In der akuten Phase der Erkrankung seien diese absolut ernst zu nehmen. «Aber wenn man diese überstanden hat, stehen die Chancen gut, dass das Herz ohne dauerhaften Schaden aus dem Ganzen hervorgeht», so Eberli. Seine Kollegen und er hätten einige ihrer Patienten drei Monate nach der Genesung noch einmal untersucht, «aber keine Hinweise auf Herzprobleme gefunden».

Franz Eberli ist Chefarzt der Klinik für Kardiologie am Stadtspital Waid und Triemli.
Lebensgefährliche Herzrhythmusstörungen als Folge
Ganz anders lautet die Einschätzung von Carsten W. Israel, Chefarzt der Klinik für Innere Medizin und Kardiologie am Evangelischen Klinikum Bethel im deutschen Bielefeld. Er bezeichnet das Ergebnis gegenüber dem «Haller Kreisblatt» als «besorgniserregend».
Aus seiner Sicht zeigt die Studie, «dass eine Infektion mit dem Coronavirus offenbar unabhängig von der Schwere der Infektion und bestehender Vorerkrankungen langfristig das Herz schaden kann. Mit Blick auf die hohe Zahl der Infizierten, die keine oder kaum Symptome haben, macht mir das Angst.» Er befürchtet, dass das Virus Stück für Stück Zellen zerstören und so eine Herzschwäche verursachen könnte. «Möglich können als Folge auch lebensgefährliche Herzrhythmusstörungen sein.»

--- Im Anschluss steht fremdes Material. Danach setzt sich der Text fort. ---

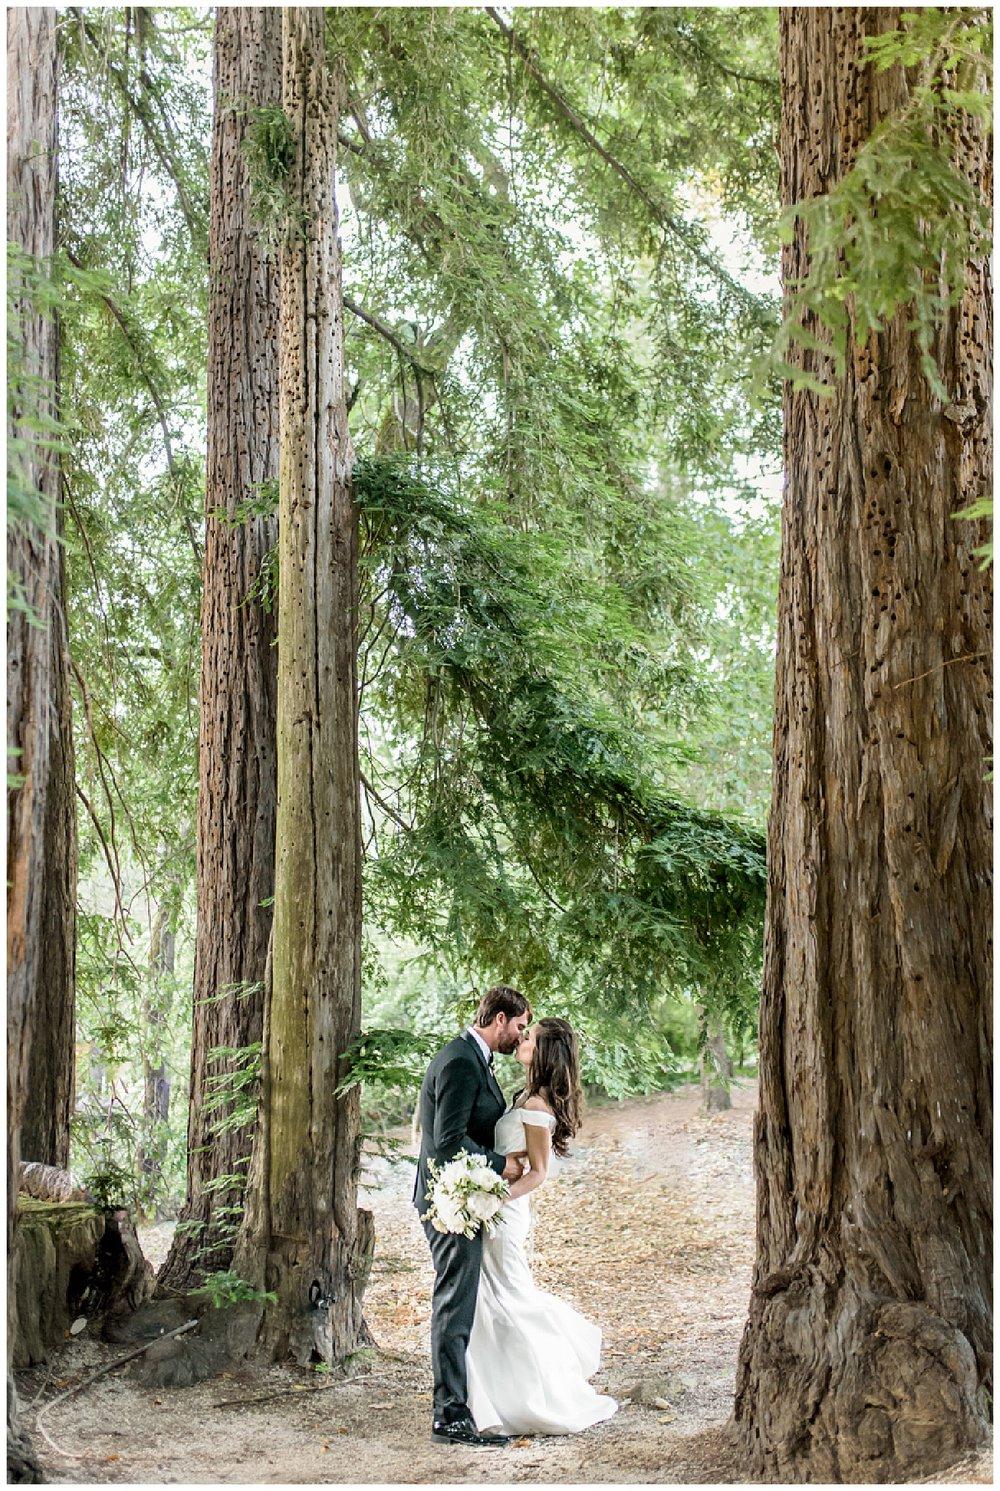 Janine_Licare_Photography_San_Francisco_Wedding_Photographer_0146.jpg
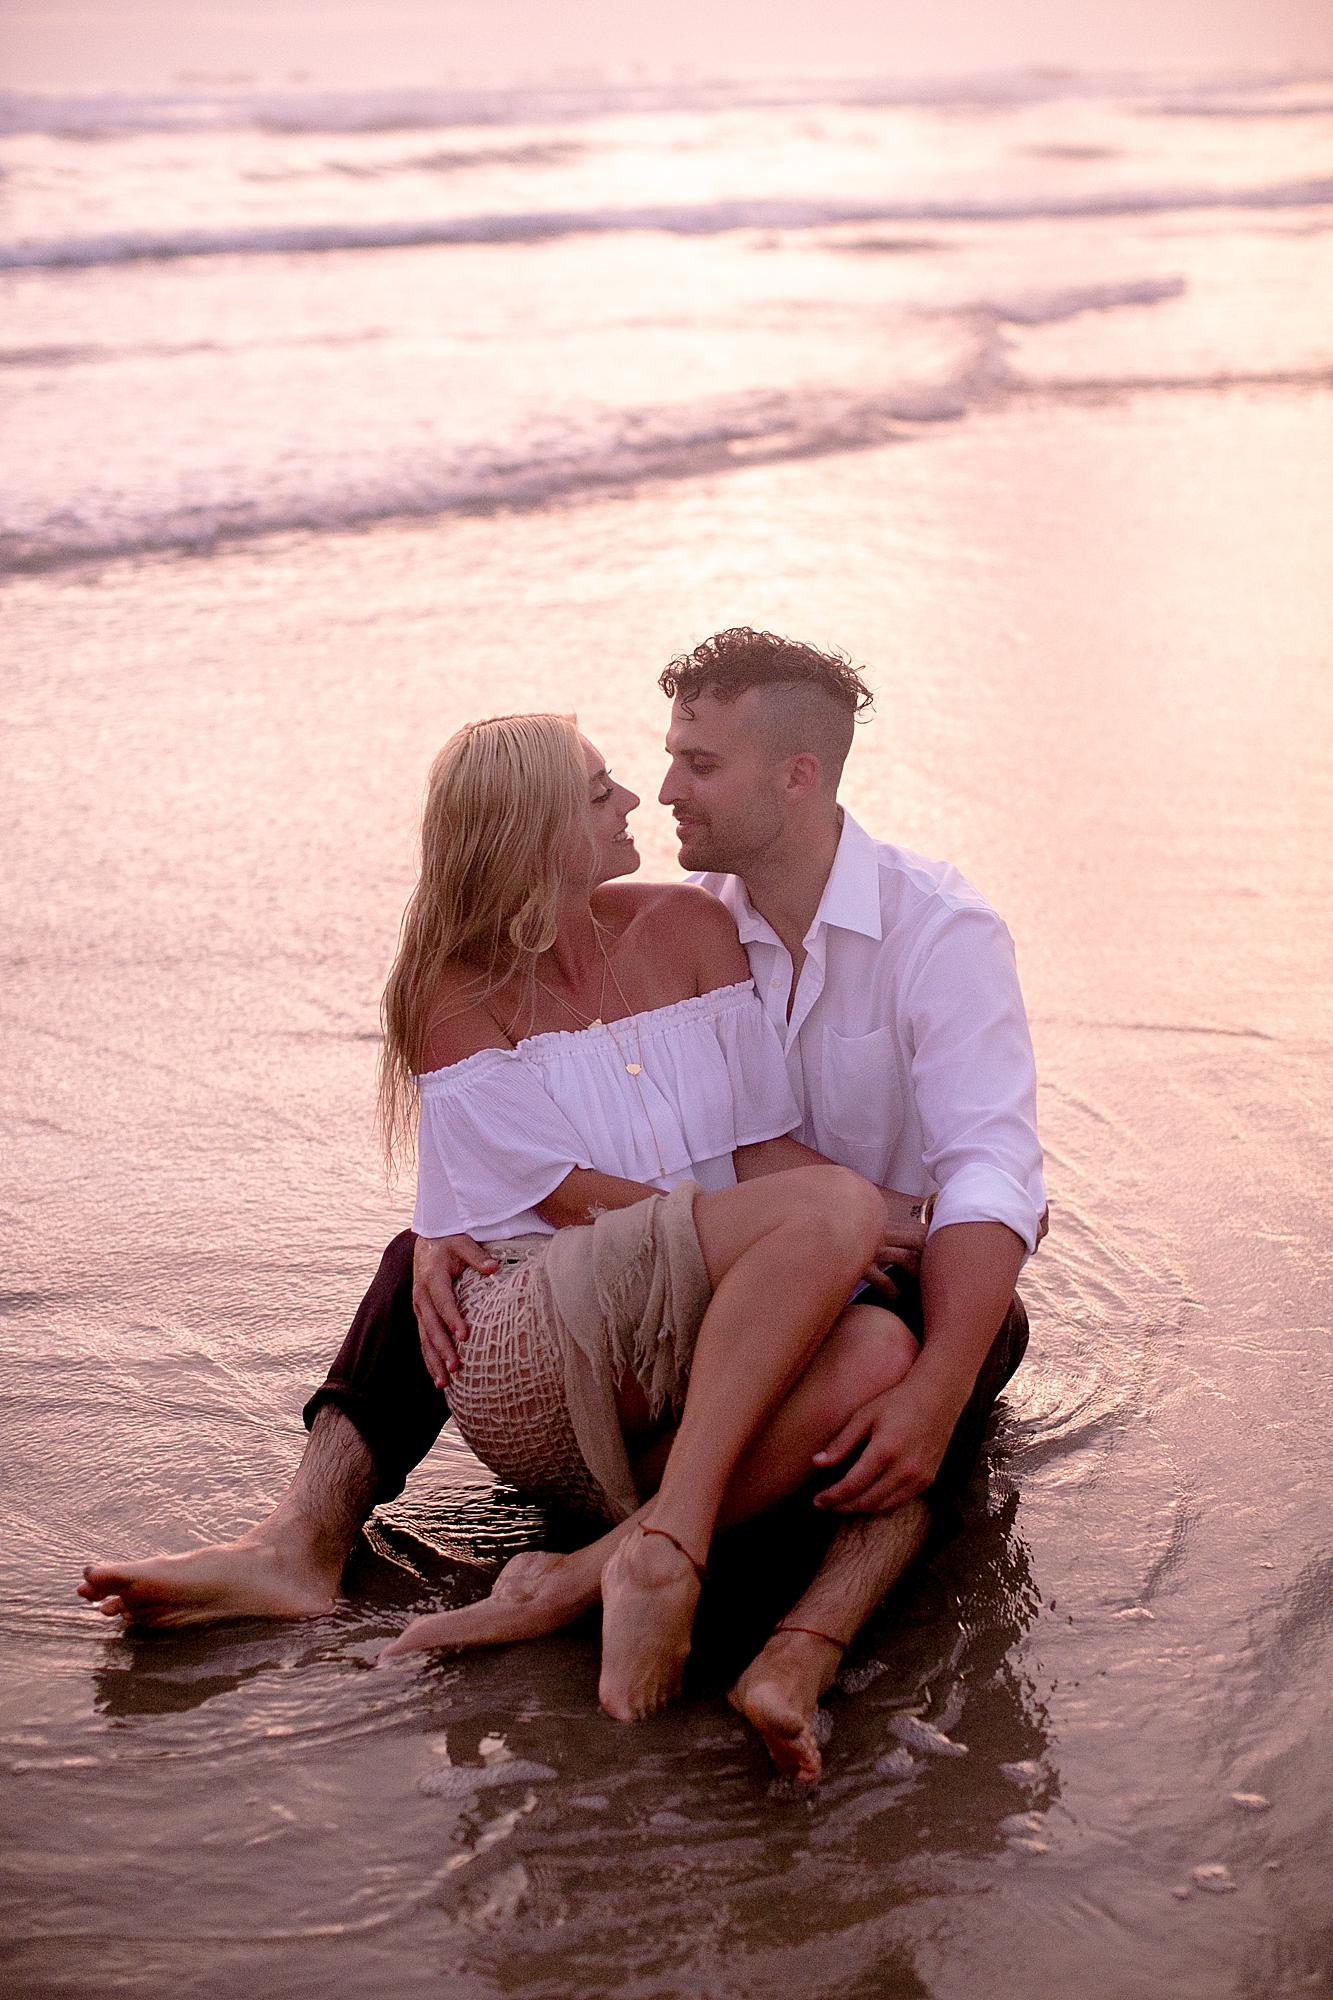 Epic and Adventurous Travel Wedding and Portrait Photographer in Nosara, Costa Rica - Kelee Bovelle @xokelee @keleeb - 20.jpg

Zu solchen ist es auch schon am Universitätsspital Zürich gekommen: Ebenfalls im April berichtete Peter Steiger, stellvertretender Direktor des Instituts für Intensivmedizin, von einer schwer erkrankten Covid-19-Patientin, die zunächst einen Herzinfarkt mitsamt Herzrhythmusstörungen entwickelt habe und schliesslich verstorben sei. Ob dies eine traurige Ausnahme war oder die Regel ist, wird sich erst noch zeigen, ist sich Kardiologe Eberli sicher: «Wir wissen noch nicht genau, was da passiert.»
Kinder- und Erwachsenen-Herzen reagieren unterschiedlich
Ebenso offen wie die Frage nach den Langzeitschäden von Covid-19 ist auch die nach dem Unterschied zwischen Kindern und Erwachsenen. So sei nach wie vor unklar, warum Erstere zwar in der Regel einen leichten Verlauf erleben, in der Folge aber ein sogenanntes Kawasaki-Like-Syndrom auftreten kann, in dessen Zusammenhang es zu einem Herzversagen kommen kann und die Betroffenen manchmal sogar an die Herz-Lungen-Maschine angeschlossen werden müssen. «Zwar sind weltweit nur etwa 600 solcher Fälle beschrieben», so Kardiologe Franz Eberli. «Aber bei erwachsenen Covid-19-Patienten ist bis jetzt nur ein einziger Fall bekannt.»